Especially as you'd think the middle class in Britain would say: "Oh I can see what Hamas were trying to do by pulling that wall down, they've knocked the ghetto and the desert into one which will give them so much more light in the summer." Maybe that will put them in huge demand, so Hamas will get calls all day from people saying: "Hello, I wonder if you could give me an estimate for knocking down a dividing wall between a living room and reception room, I hear you're very reliable."
But instead it's been reported as just about acceptable, but not the sort of unruly behaviour to be approved of. Or it's seen as frivolous, such as the report in The New York Times that reads: "Palestinians used a bulldozer to knock down a portion of the wall and continue a shopping spree." A shopping spree? Do they think the leadership of Hamas said: "Oooh my goodness, have you seen the spring collection on display in the Sinai Desert branch of Debenhams? They've got the cutest little calf-length boots that were made with me in mind. If I don't have them I'll die – get the Semtex and the detonator."
Or maybe there were radio adverts across the occupation with a couple of actors gasping "Where is everyone running to?" "We're all off to the Sinai springtime sale where prices are so crazy they're not just up the wall, they're through the wall. So hurry hurry hurry and remember – you can afford a smash through the border."
The Palestinian "shopping spree" has kept them from starving, freezing or otherwise dying. Because for eight months the whole place has been shut off from the outside world, deliberately. Even yesterday, an aid convoy consisting of Israelis who'd brought five tons of food was refused entry into Gaza by the Israeli authorities. Maybe they'll claim the rice created a "security risk". Because Palestinian terrorists could place it by the border and pour boiling water over it, making it expand into Israeli territory and covering the settlements with starch.
This approach has been described by the Israelis as "collective punishment". So Prime Minister Olmert said: "We must show the population it cannot shed itself of responsibility for the situation." This could lead to an unexpected development, because that sounds similar to the crazed logic of the jihadist who blows up civilians on buses and Tubes. So maybe the next twist in Middle-East politics is that the Israeli government will join al-Qa'ida.
The problem for the media is that people escaping for bread, diesel and fags are spoiling Israel's strategy, so that can't be celebrated, as that would appear biased.

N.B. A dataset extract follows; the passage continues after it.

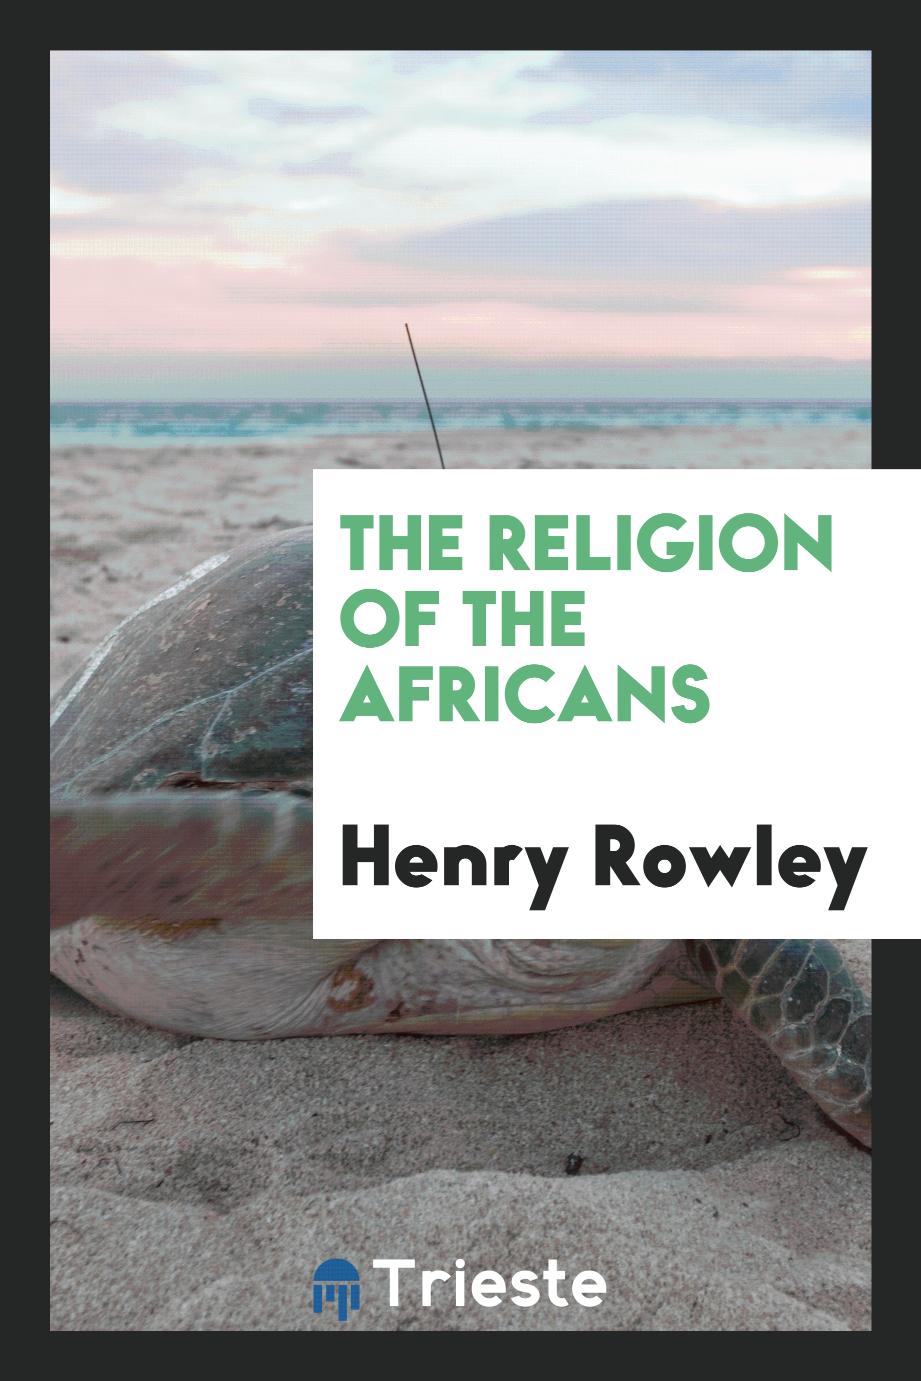 The religion of the Africans

It's as if, after Comic Relief night, the BBC had to have an evening in favour of starvation in the interests of being neutral.
And yet by every account it's a classic feelgood story. It's even a marvellous example of religious unity, as Hamas have followed the lesson of Moses by leading people out of danger through Egypt. One woman was reported as saying: "Now I can visit my daughter who I haven't seen for four years." When the Berlin Wall came down, that sort of comment signalled universal rejoicing, but this meets with disapproval from Western governments, mostly because they've denounced Hamas as terrorists and refused to talk to them, even when they've won elections.
But maybe blowing up walls to save people's lives is the sort of thing that makes Hamas popular. Politicians here are always complaining they're disconnected from the population, so this might be the way to engage with the voters. To start with, they could blow up the border between first and second class on inter-city trains, and as reporters gasped "behind me are the most astonishing scenes, as these poor wretched creatures, crammed against each other in corridors for so long have literally poured into the empty caverns of first class, where they can at last breathe, and see close-up for the first time the puffy headrests and peculiar posh purple lamps", their popularity would soar.